Given data:
★ ★ ★ ★ ★
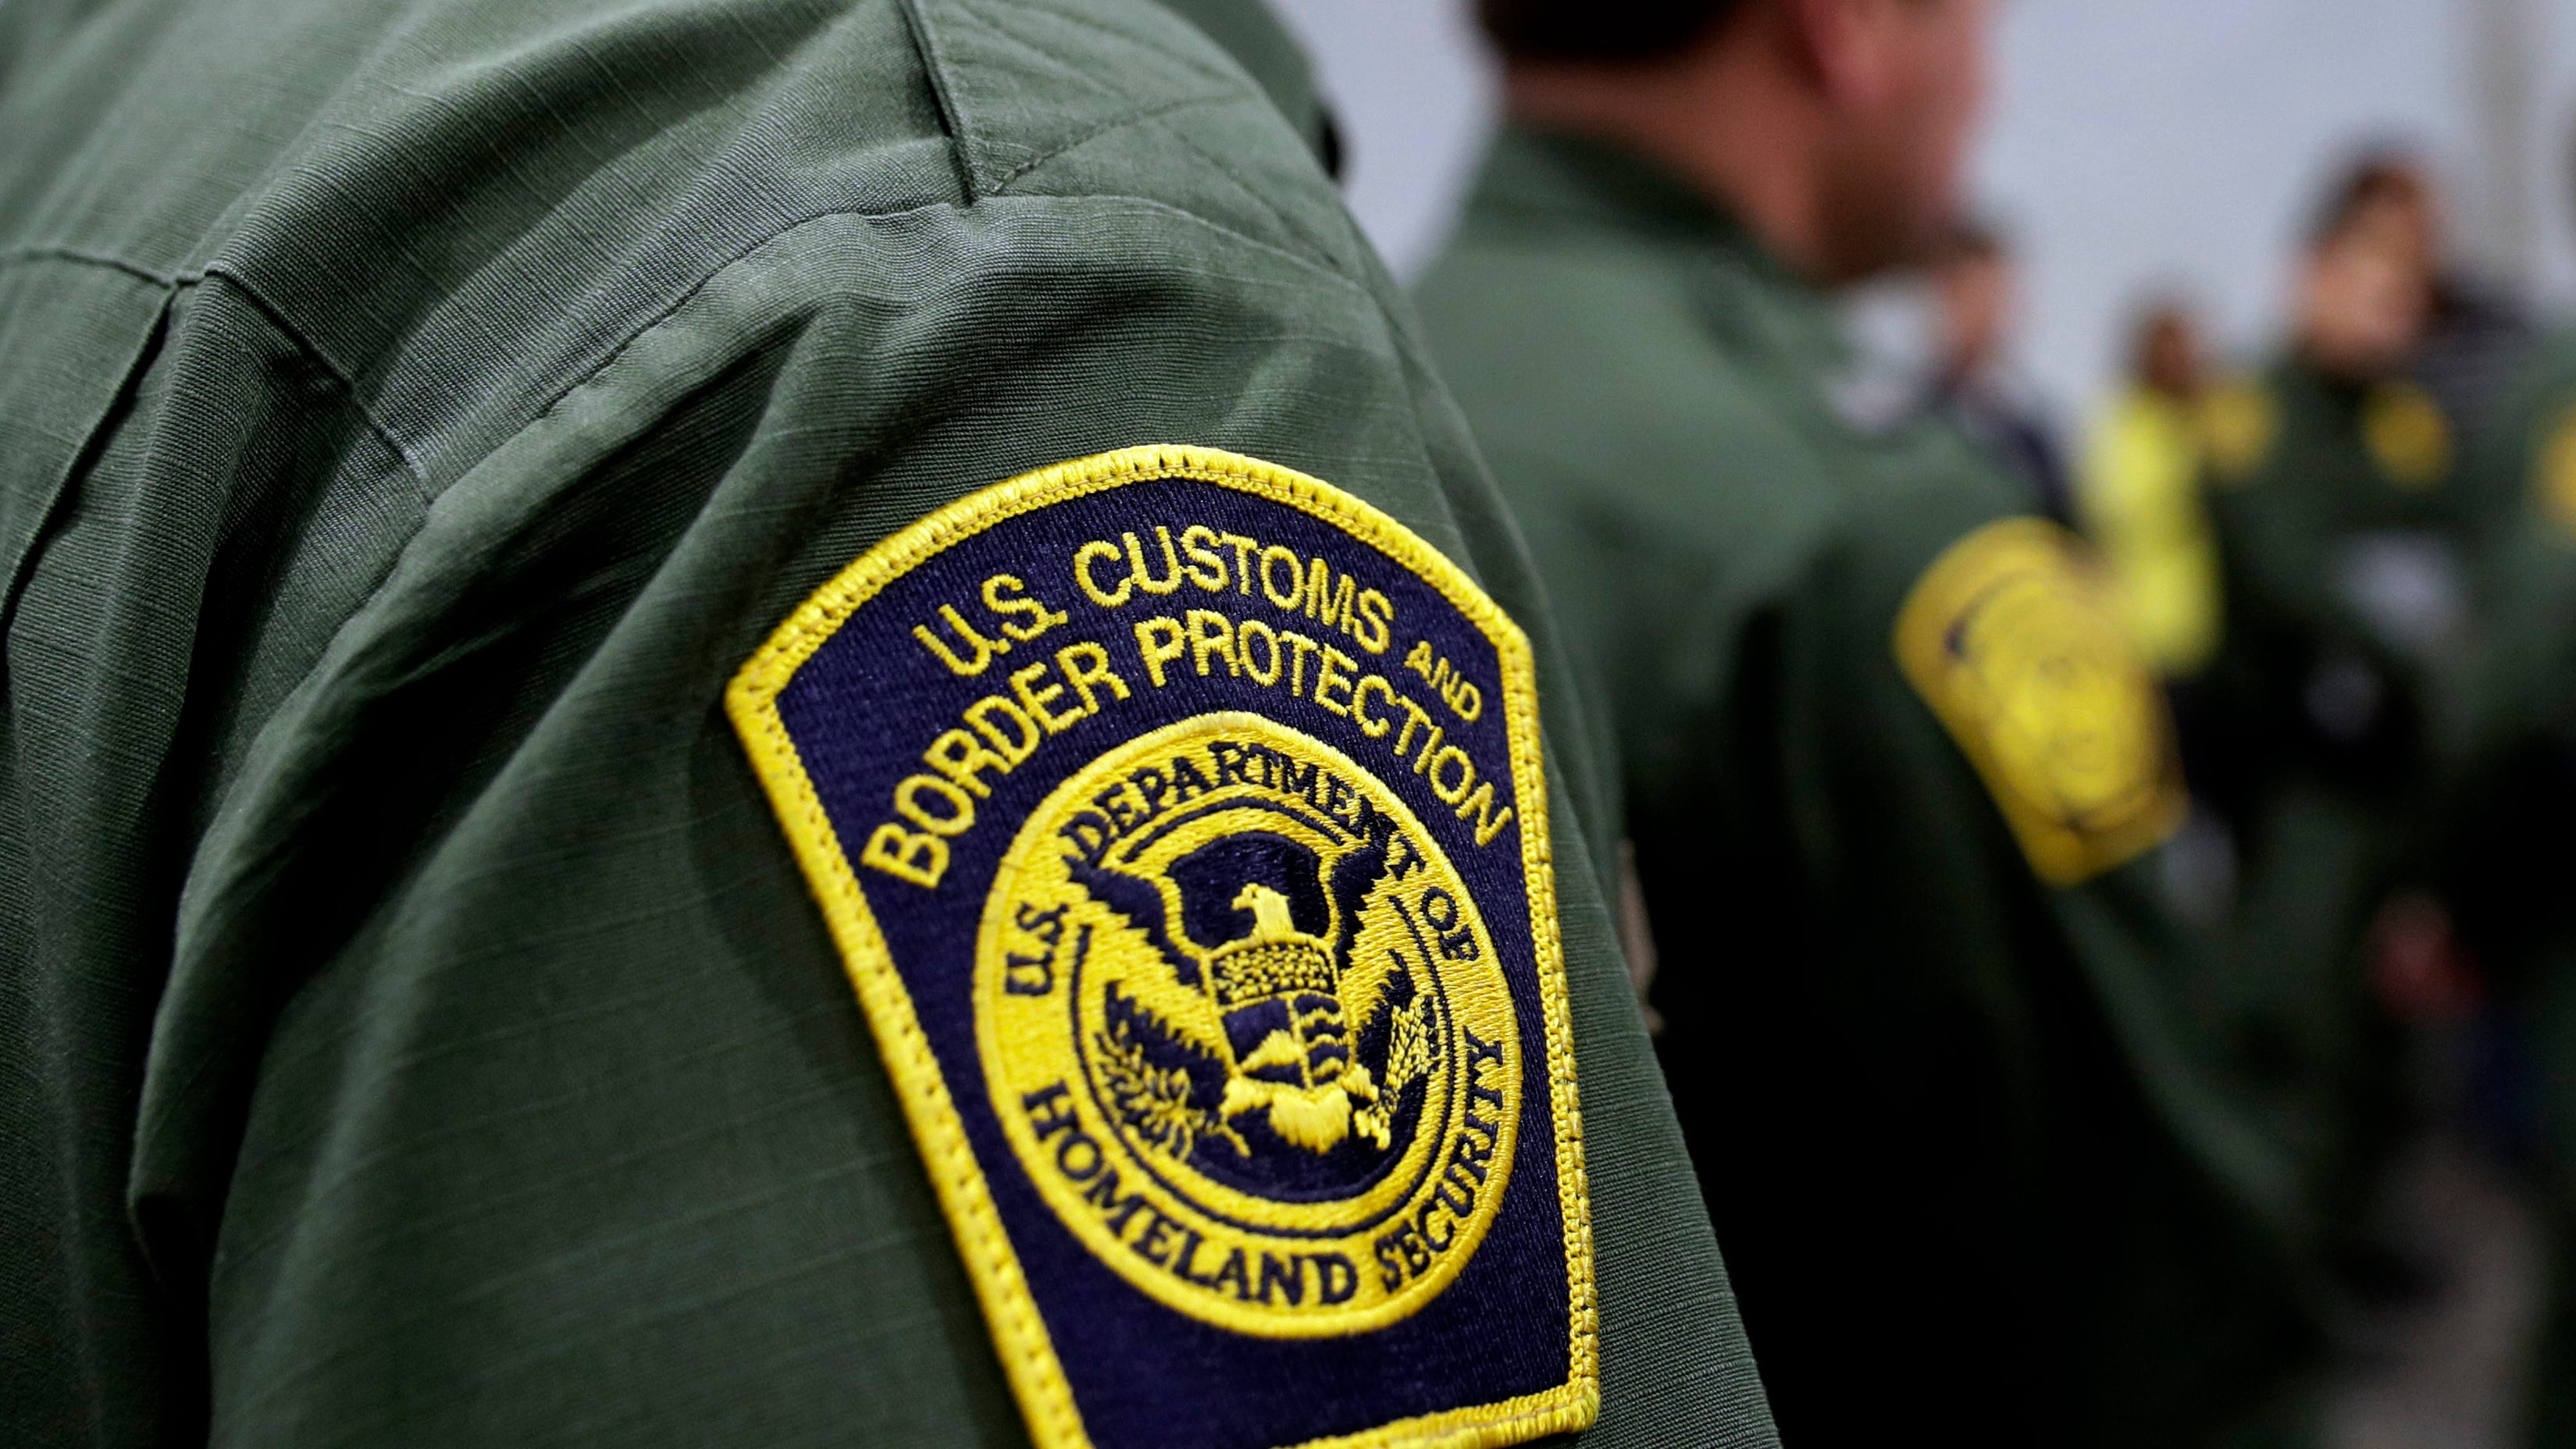 FILE - Border Patrol agents hold a news conference prior to a media tour of a new U.S. Customs and Border Protection temporary facility near the Donna International Bridge in Donna, Texas, May 2, 2019. The U.S. Border Patrol has agreed in a legal settlement announced Friday, May 19, 2023, to not set up interior checkpoints in a northern New Hampshire town just under 100 miles from the Canadian border before Jan. 1, 2025. (AP Photo/Eric Gay, File) ORG XMIT: NYAB502
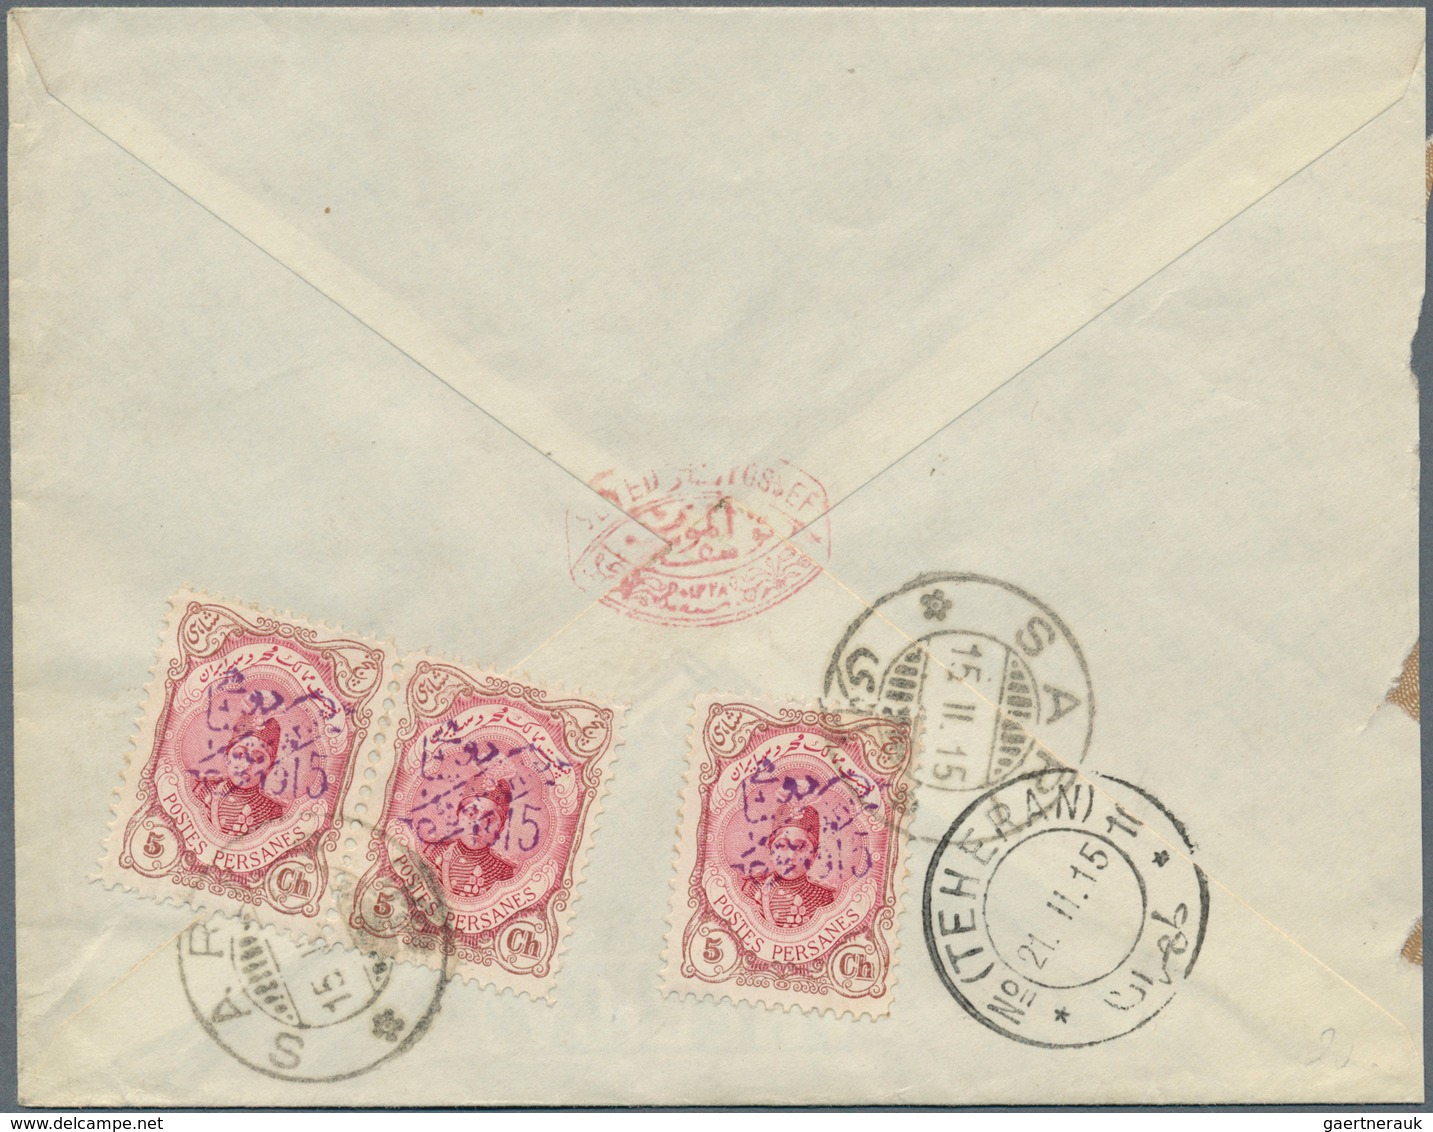 22810 Iran: 1880-1925, Collection of 160 covers / stationerys from classics to modern with many different
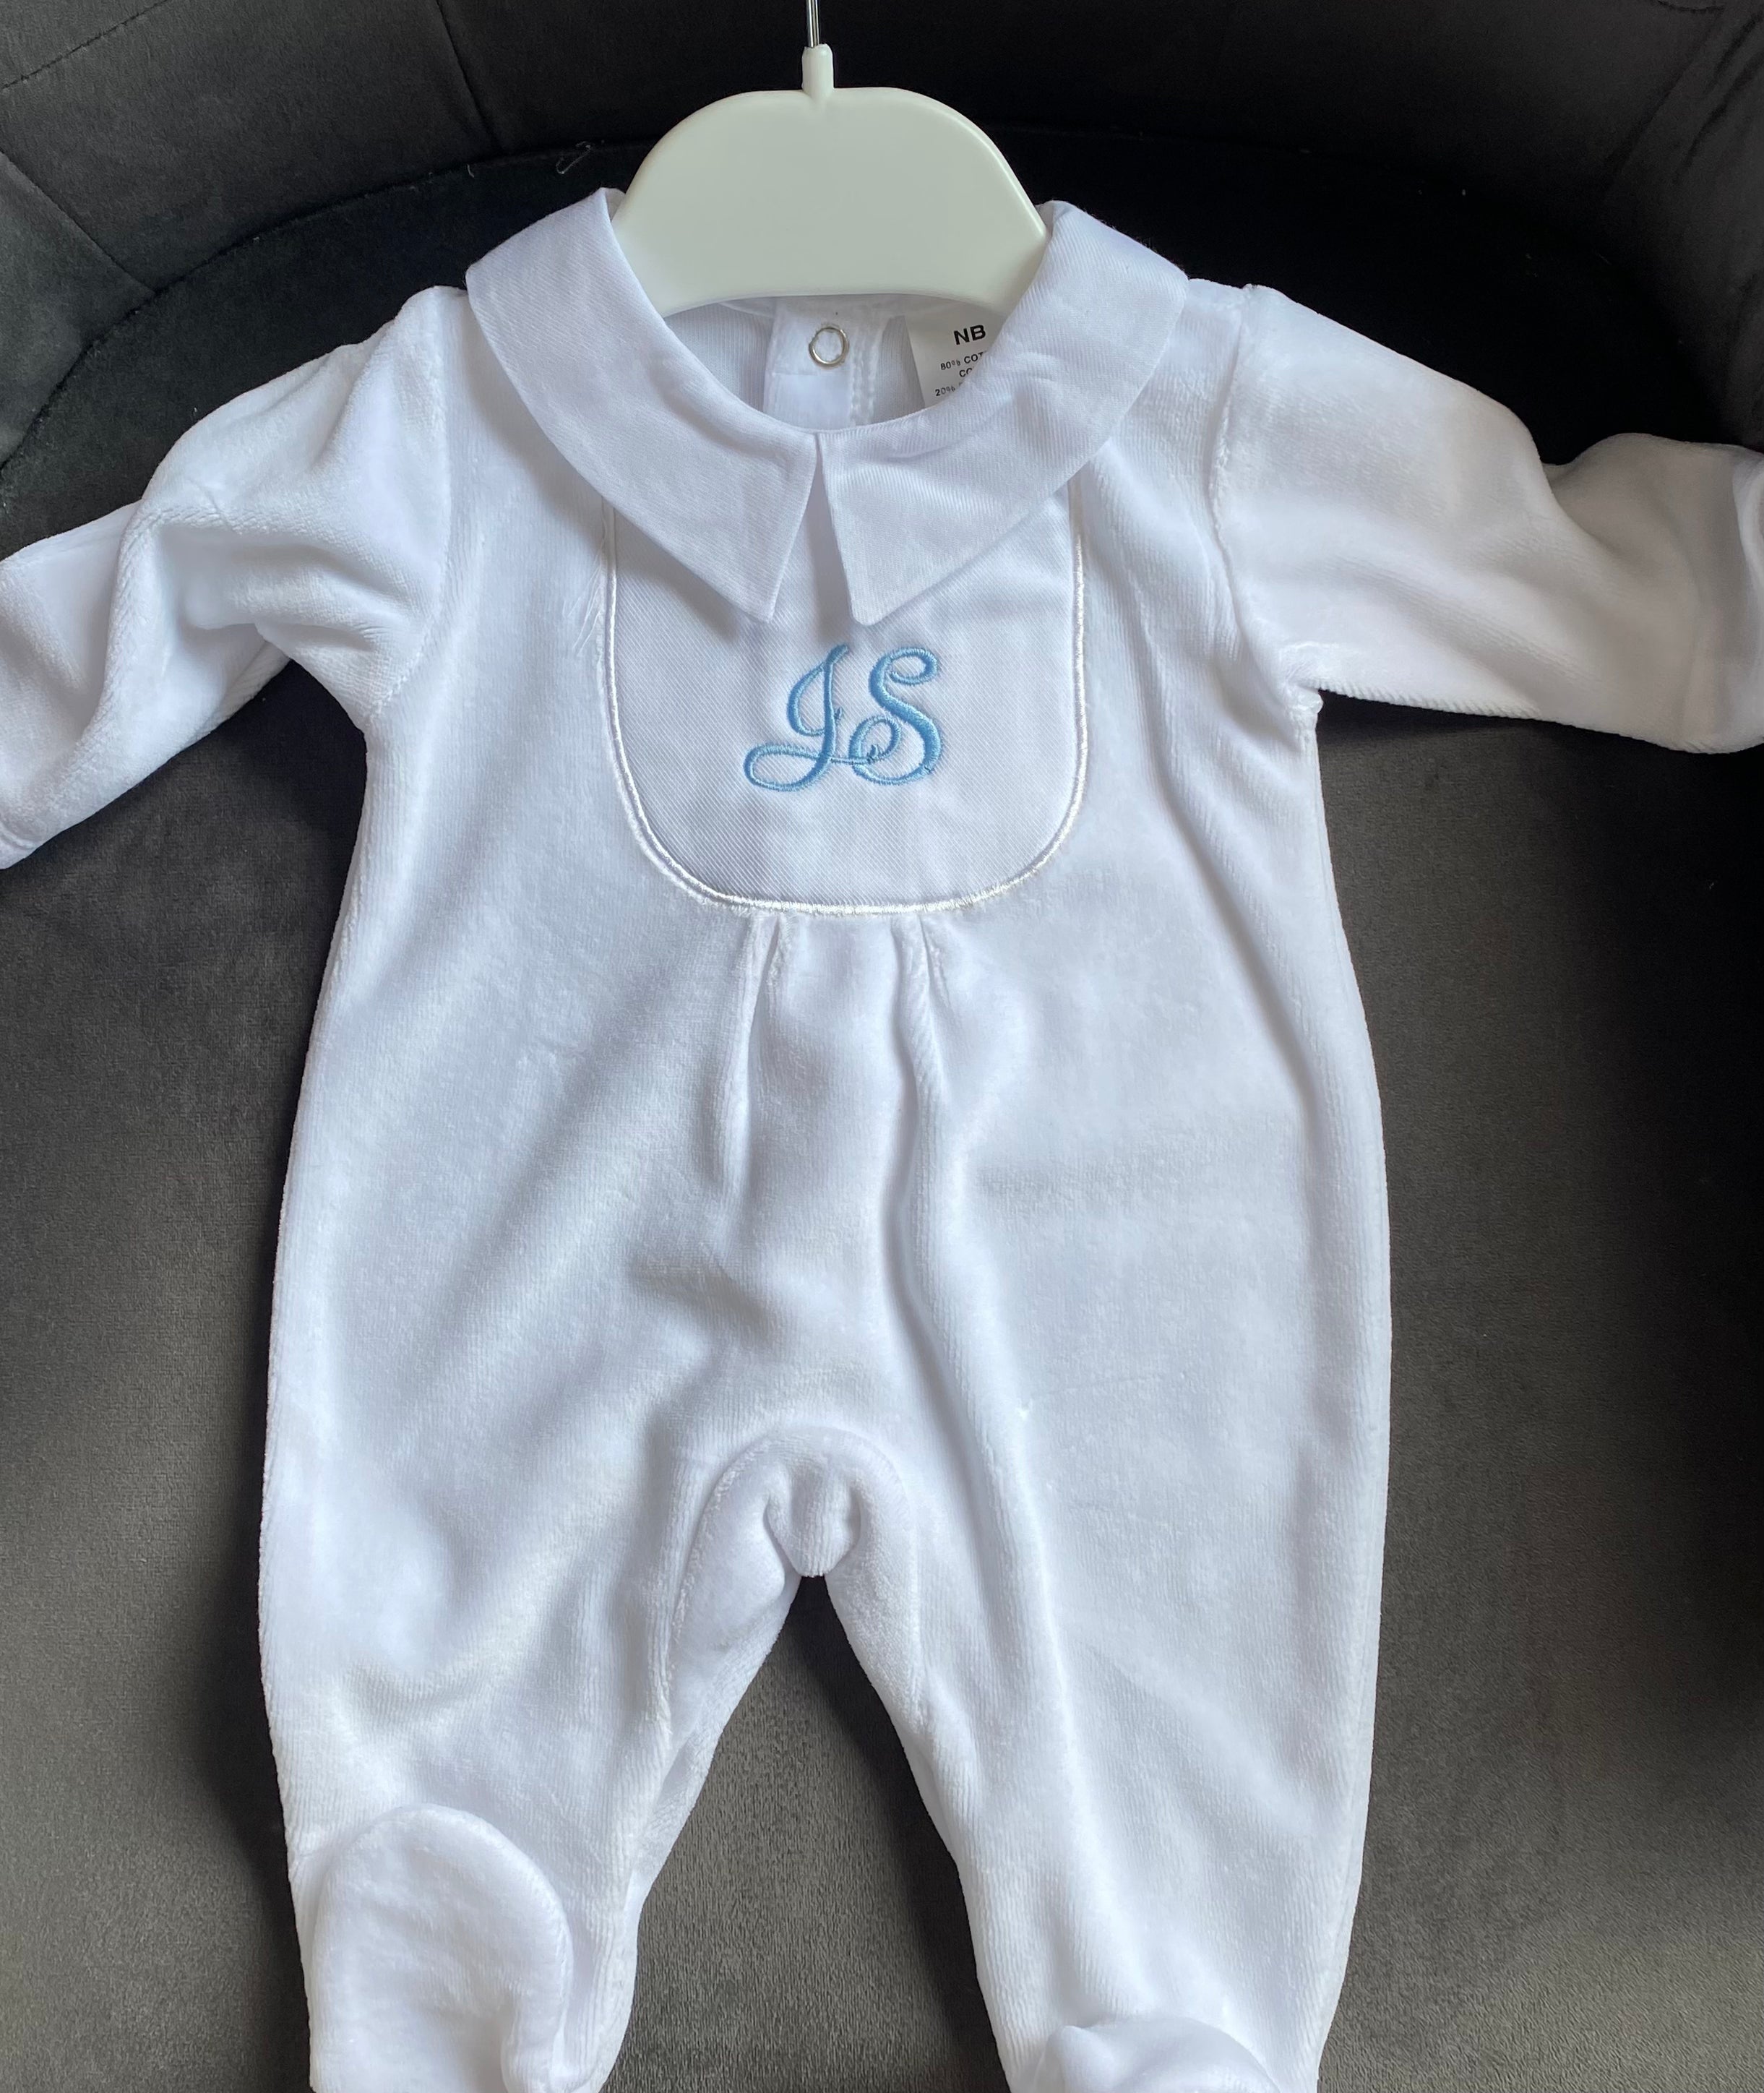 White Velour Babygrow with Initials JS
★ ★ ★ ★ ★
What to produce:
Give the listing above again in its entirety and exactly; do not include the pictures.

Written solution:
 FILE - Border Patrol agents hold a news conference prior to a media tour of a new U.S. Customs and Border Protection temporary facility near the Donna International Bridge in Donna, Texas, May 2, 2019. The U.S. Border Patrol has agreed in a legal settlement announced Friday, May 19, 2023, to not set up interior checkpoints in a northern New Hampshire town just under 100 miles from the Canadian border before Jan. 1, 2025. (AP Photo/Eric Gay, File) ORG XMIT: NYAB502
 22810 Iran: 1880-1925, Collection of 160 covers / stationerys from classics to modern with many different
 White Velour Babygrow with Initials JS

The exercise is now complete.